7. Backend / Adapter Support

Collection keyword search path supports BM25 / FullText recall.
Vector index backend exposes keyword-search and collection-metadata methods used by grep auto mode.
VikingDB HTTP requests include User-Agent: openviking/{version} for server-side troubleshooting and traffic attribution.

Testing

Latest local targeted validation:

python -m ruff check openviking/storage/viking_fs.py tests/storage/test_viking_fs_grep.py
cargo check -p ov_cli
python -m pytest -o addopts='' tests/storage/test_viking_fs_grep.py

Result:

ruff check: passed
cargo check -p ov_cli: passed
tests/storage/test_viking_fs_grep.py: 12 passed

Notable test coverage added / updated in this PR:

Grep config default switch_to_remote_threshold is 10000.
No-config grep path uses the documented remote threshold behavior.
BM25 internal recall limit auto-adapts from node_limit and caps at 100000.
Grep preserves DFS order and node_limit semantics.
Grep respects level_limit in the VikingDB phase-1 path scope.
Fallback behavior is covered when VikingDB keyword search fails.
Collection schema tests validate content field and FullText config.
Vectorization tests cover raw content preservation for FullText indexing.
I have added tests that prove my fix is effective or that my feature works
New and existing targeted tests pass locally with my changes
I have tested this on the following platforms:
- Linux
- macOS
- Windows

Benchmark

Benchmarks were run on Debian 10, 12 CPU, 24 GB memory using the scripts under benchmark/retrieval/grep/vikingdb_bm25/.

Performance

Dataset and setup:

Synthetic dataset generated by performance/step0_prepare_data.py
200,000 files, about 13 GB total data
node_limit=256
15 valid keywords across 0.01%, 0.05%, 0.1%, and 1% frequency tiers, plus one no-match keyword
Each query was measured with RUNS=3, WARMUP=1
Compared engine=fs against engine=auto with VikingDB BM25 recall enabled

Key result:

Returned match counts were identical for all tested keywords: auto.matches == fs.matches.
Across the 15 valid keywords, auto averaged 1,517.8 ms and median 1,491.1 ms.
fs averaged 32,064.8 ms and median 33,459.2 ms.
Overall speedup: 21.4x average, 22.4x median.
No-match query: auto=1,435.2 ms, fs=32,914.9 ms, 22.9x faster.

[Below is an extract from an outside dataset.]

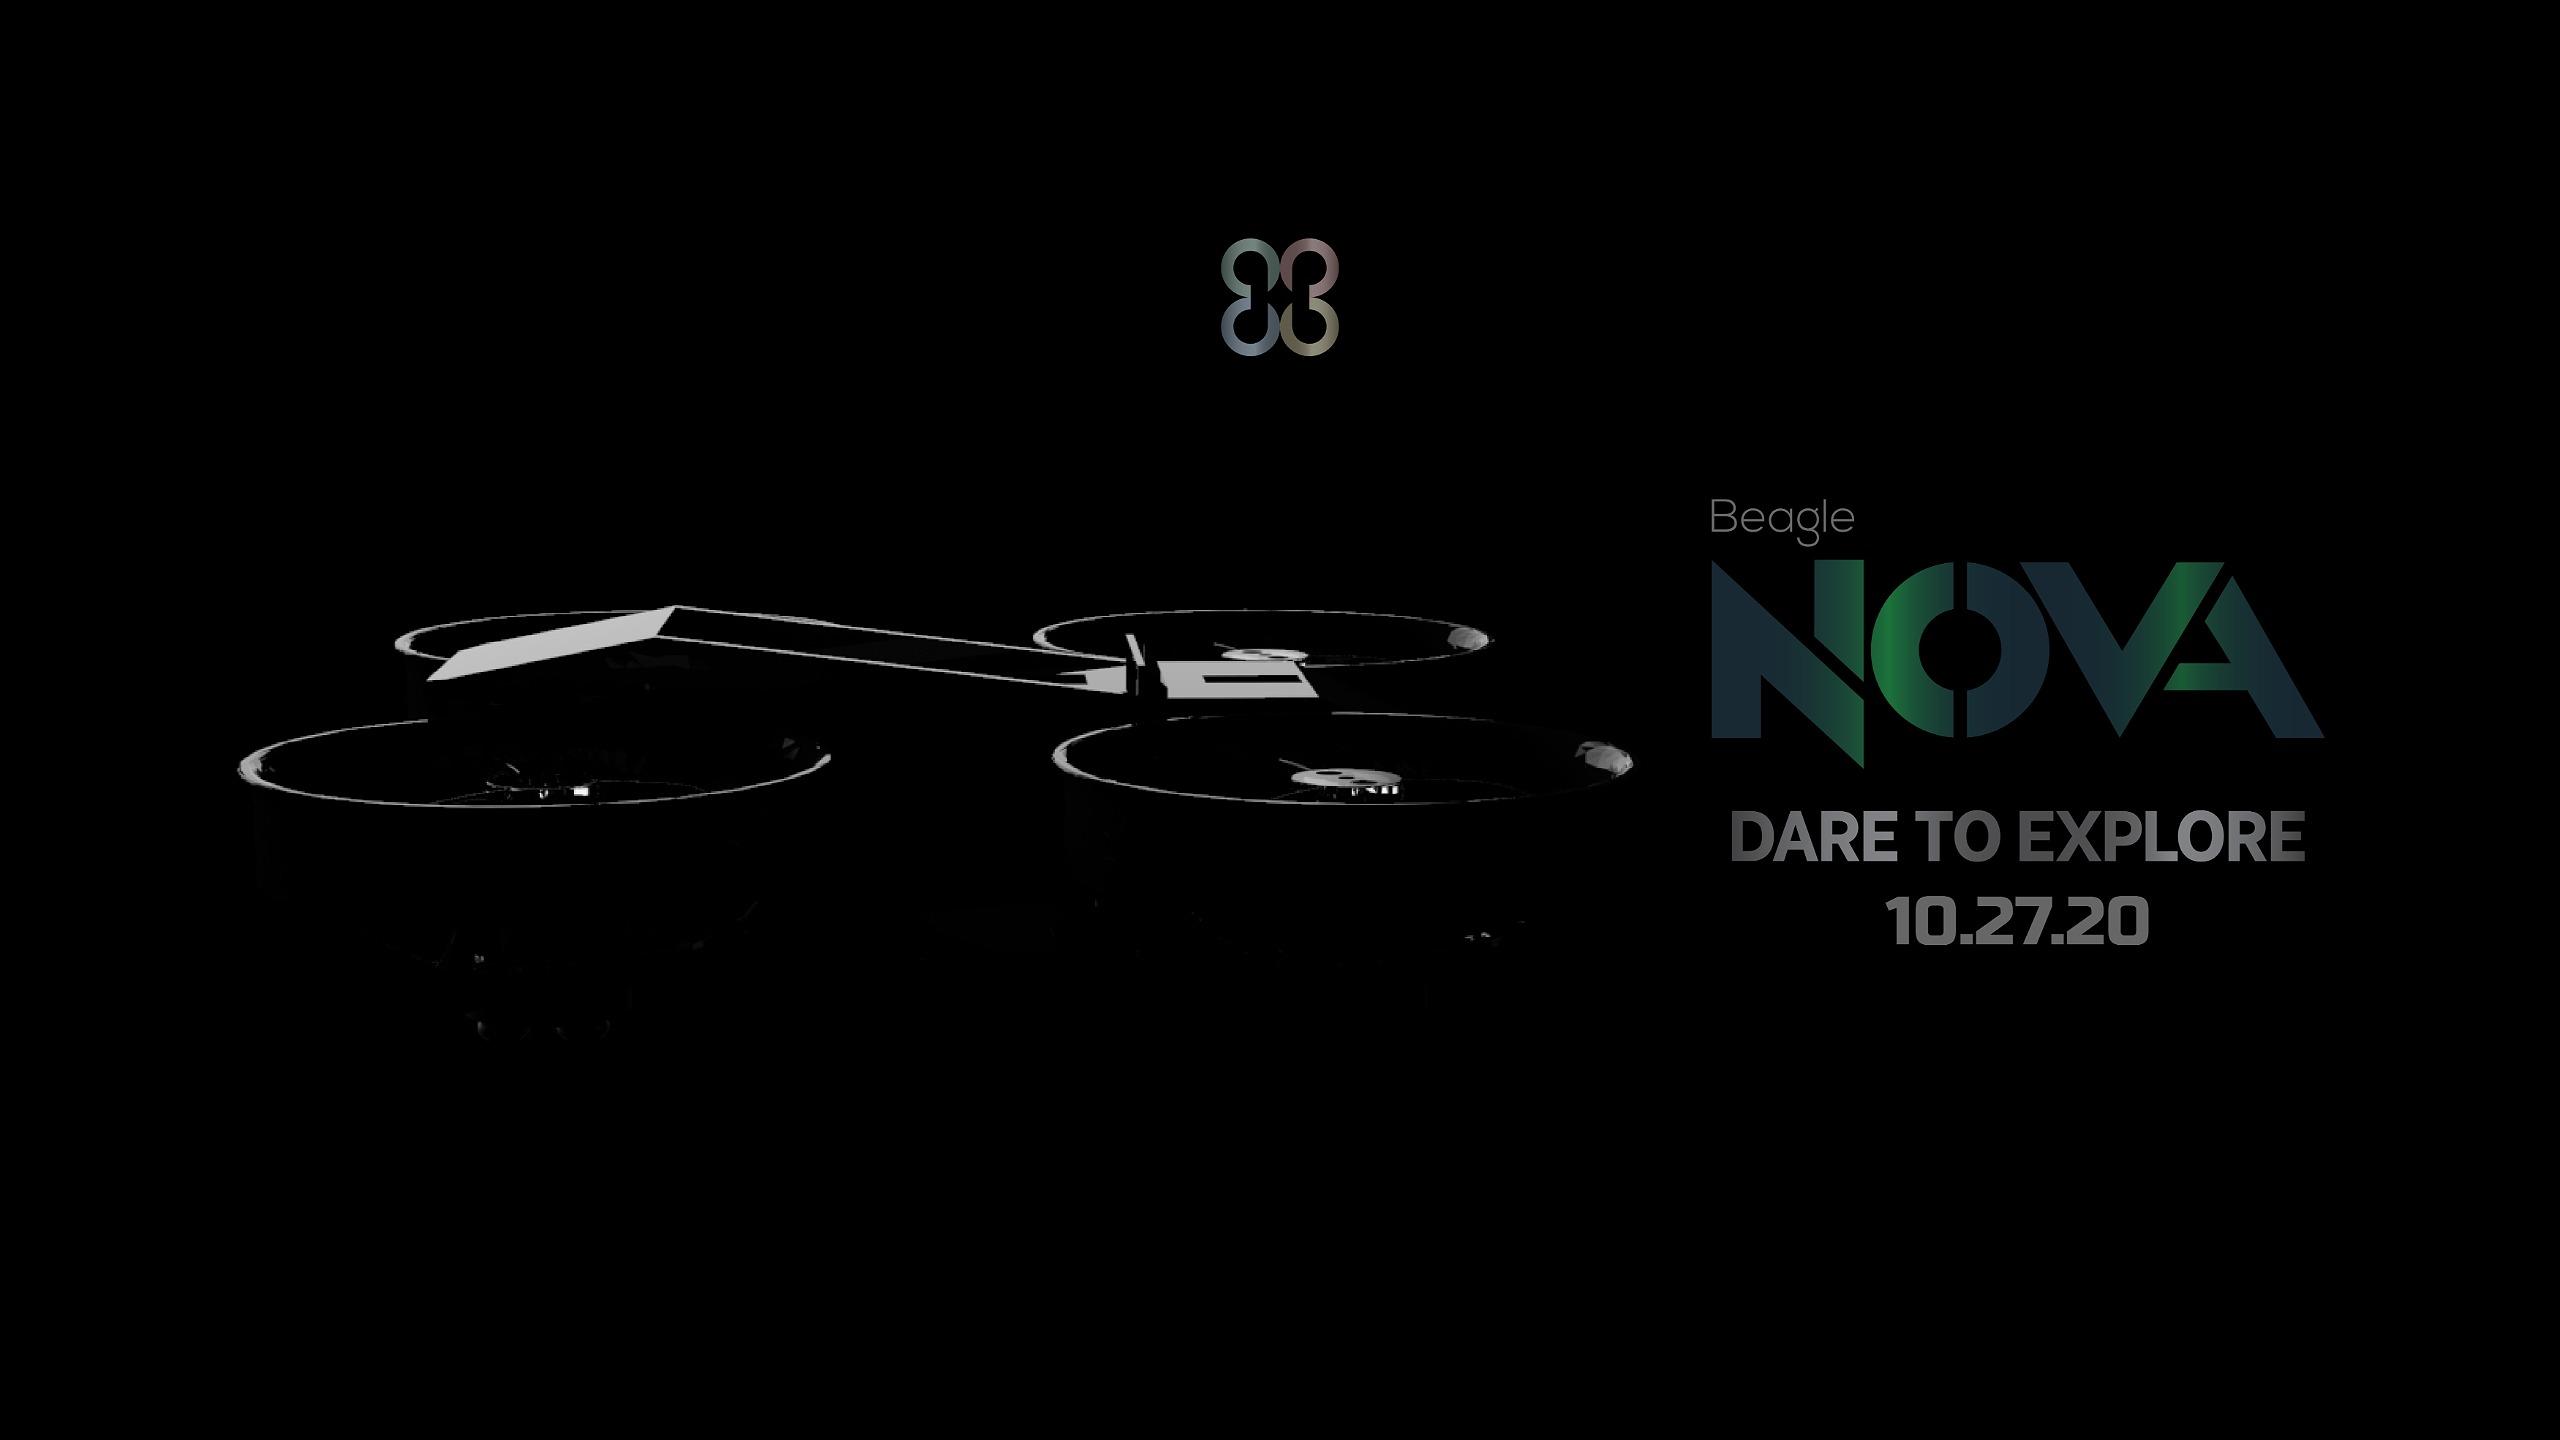 Beagle Drones Nova CineWhoop

Frequency	Samples	auto avg	fs avg	Avg speedup	Matches
0.010%	3	1,455.1 ms	33,561.0 ms	23.0x	19
0.050%	3	1,484.9 ms	32,877.7 ms	22.2x	75-100
0.100%	6	1,496.8 ms	38,953.7 ms	26.0x	176-215
1.000%	3	1,655.5 ms	15,978.1 ms	9.6x	256
No match	1	1,435.2 ms	32,914.9 ms	22.9x	0

Effectiveness

Dataset and setup:

Real code repository imported by effectiveness/step1_add_resource.py
Ground truth generated with engine=fs
Evaluated engine=auto using VikingDB BM25 recall + local regex matching
14 grep patterns, including English identifiers, Chinese terms, alternation, and no-match query

Key result:

Weighted recall: 96.3%.
8 / 14 patterns reached 100% recall.
The previous “independent token exists but BM25 missed it” indexing issue was not reproduced.
Remaining false negatives are concentrated in two known categories:
- non-ASCII / Japanese URI write or indexing issue;
- BM25 token semantics vs filesystem regex substring semantics, e.g. embedding vs embeddings, grep vs ripgrep, reindex vs requireindex.

Representative results:

Pattern	Truth	Found	Recall	Note
`build_index`	14	14	100.0%	stable full recall
`SyncHTTPClient`	22	22	100.0%	stable full recall
`MarkdownParser`	18	18	100.0%	stable full recall
`检索`	23	23	100.0%	stable full recall
`向量数据库`	4	4	100.0%	stable full recall
`vikingdb`	97	96	99.0%	only remaining miss is a Japanese URI case
`add_resource`	78	77	98.7%	only remaining miss is a Japanese URI case
`embedding`	163	155	95.1%	URI issue + token/sub-string semantic gap
`grep`	77	72	93.5%	URI issue + `pgrep`/`ripgrep` semantic gap
`reindex`	26	24	92.3%	`requireindex` vs `reindex`, expected token-semantic gap

In short, BM25 grep provides a large and stable latency improvement on large datasets, while the observed recall gaps are now mostly explainable by URI indexing issues or the expected difference between token recall and regex substring matching.

Notes and Caveats

1. BM25 recall is keyword based, not regex based

The VikingDB phase-1 recall step uses keyword search. It does not execute regex. The regex is still applied in phase 2 on locally read candidate files.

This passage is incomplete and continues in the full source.